17 de maio de 2012

O Tempo e a Eternidade



   “Desde que eu era adolescente, Deus Nosso Senhor me concedeu a graça de perceber, com nitidez, esta realidade que toca intimamente a existência de todos os seres humanos: a vida é um breve lapso, apenas um piscar de olhos, comparada com a eternidade que nos espera depois desta passagem fugaz pelo tempo.

     Lembro-me que eu gostava de subir, pelas tardes, a um dos morros que ficavam ao redor de Cotija, minha cidade natal, e dali, conversando com Deus, contemplava lá embaixo, ao pé da colina, o cemitério, com seus túmulos adornados de flores; mais adiante, na planície, os telhados vermelhos das casas e, como que fincado em meio a eles, o campanário, com a cúpula da igreja paroquial. Perguntava-me com palavras simples que pode haver na cabeça de um menino do campo de 13, 14 anos, o que é esta vida, se afinal de contas, todos vamos acabar num túmulo.

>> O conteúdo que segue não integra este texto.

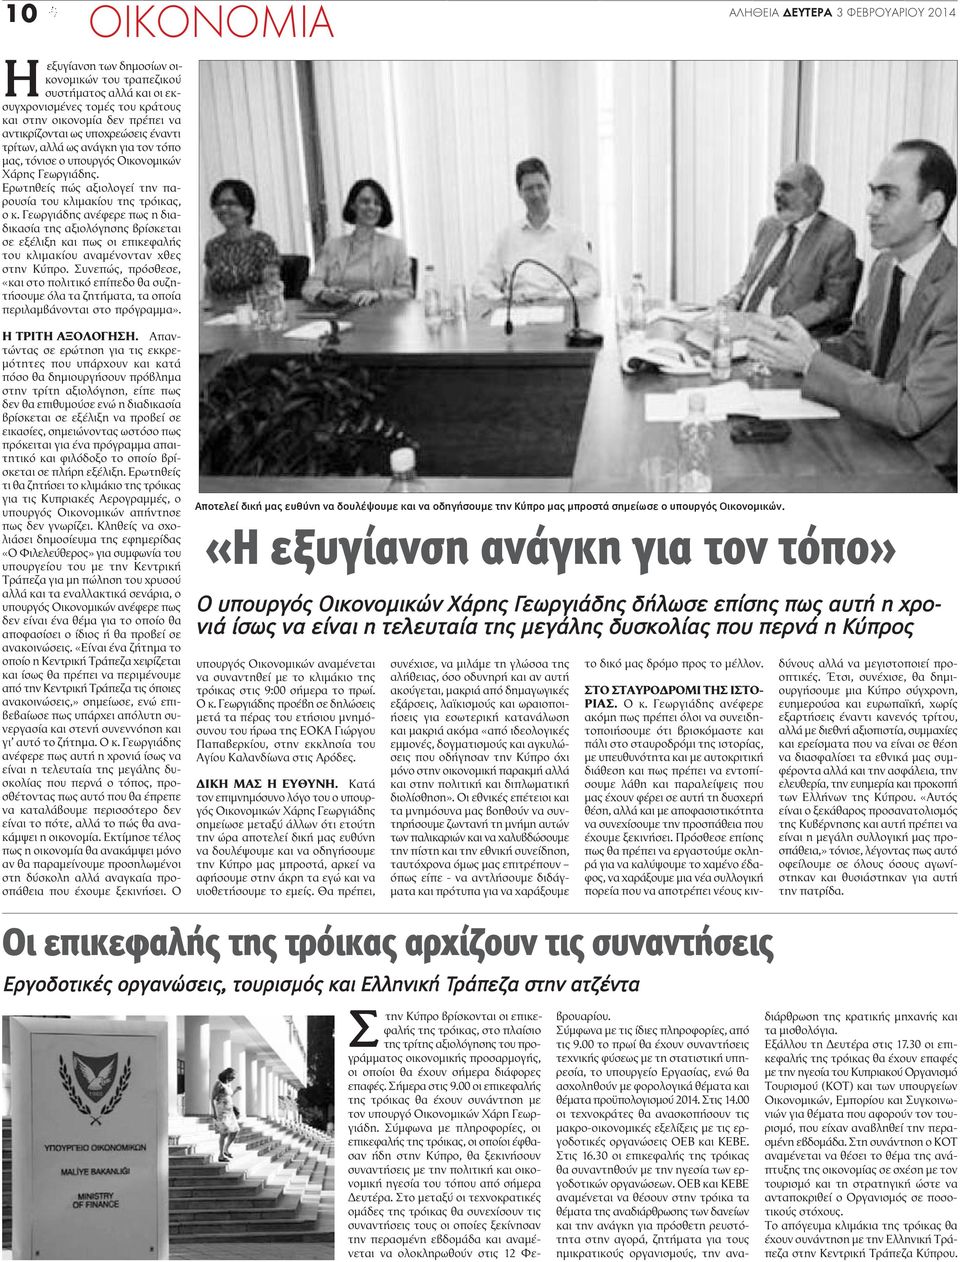 Γεωργιάδης ανέφερε πως η διαδικασία της αξιολόγησης βρίσκεται σε εξέλιξη και πως οι επικεφαλής του κλιμακίου αναμένονταν χθες στην Κύπρο.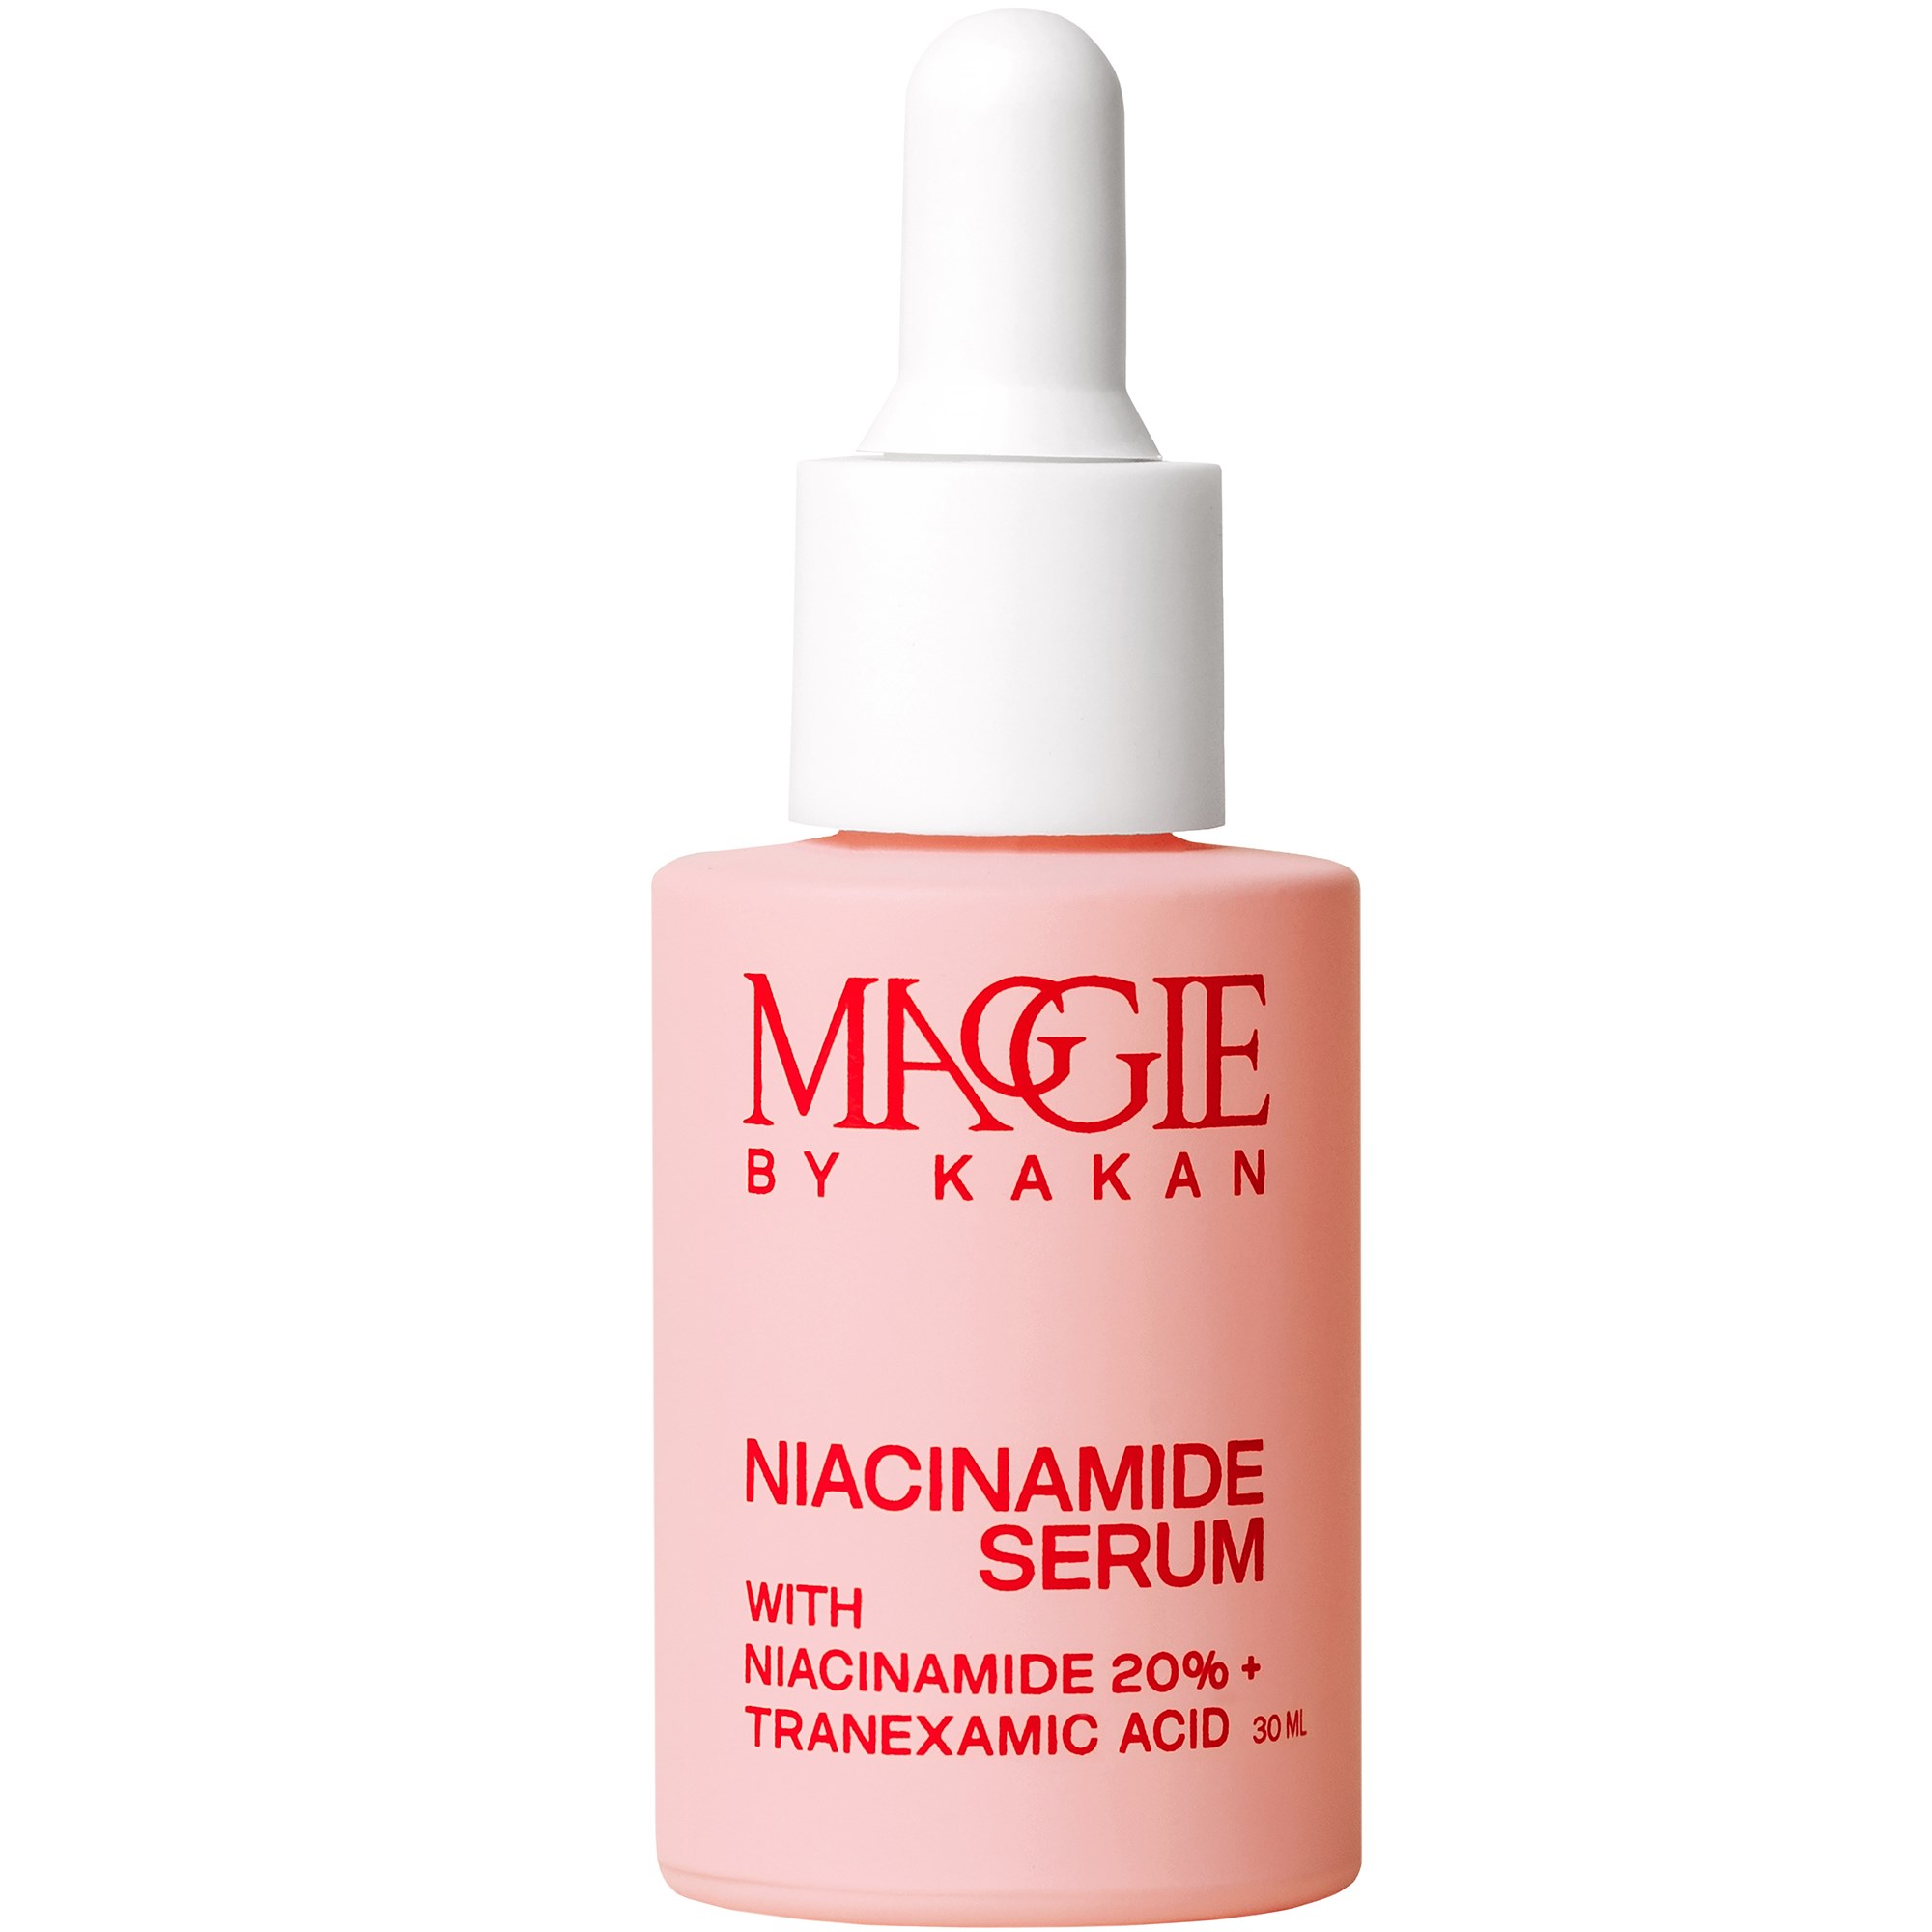 MAGGIE by Kakan Niacinamide Serum 30 ml

Nesse cemitério, jaziam os habitantes de Cotija de outros tempos. Somente uns poucos ainda arrancavam lágrimas da viúva ou de órfão prematuro. Outros, os restantes, abandonados em completo esquecimento. Uns viveram na opulência, grandes latifundiários ou hábeis comerciantes. Outros, na angústia de uma miséria nunca vencida. Uns e outros já tinham acabado a sua existência. Para que tinham servido àqueles as suas riquezas? E que sentido teve a vida pobre e aflita destes?

     E depois, pensava nos outros: nos vivos, aqueles que transitavam pelas ruas e pela praça principal, nos sítios e nas fazendas vizinhas, os que eu conhecia e via todos os dias. E pensava também nos milhões de homens que, em outros povoados, em outras cidades, em outros continentes, por trás dos morros limítrofes, gastavam a vida em mil afazeres, cada qual absorto nas suas preocupações, desenrolando o fio indecifrável com que se tece a trama diária da existência humana. E pensava que todos eles andariam por estas terras alguns anos: 20, 40, 80, talvez mais de um século: e, no final, o mistério do nada, que parece engolir os que se vão. O que é que permanece, afinal, ao longo da vida, se até a recordação dos mais velhos se dilui na névoa da memória?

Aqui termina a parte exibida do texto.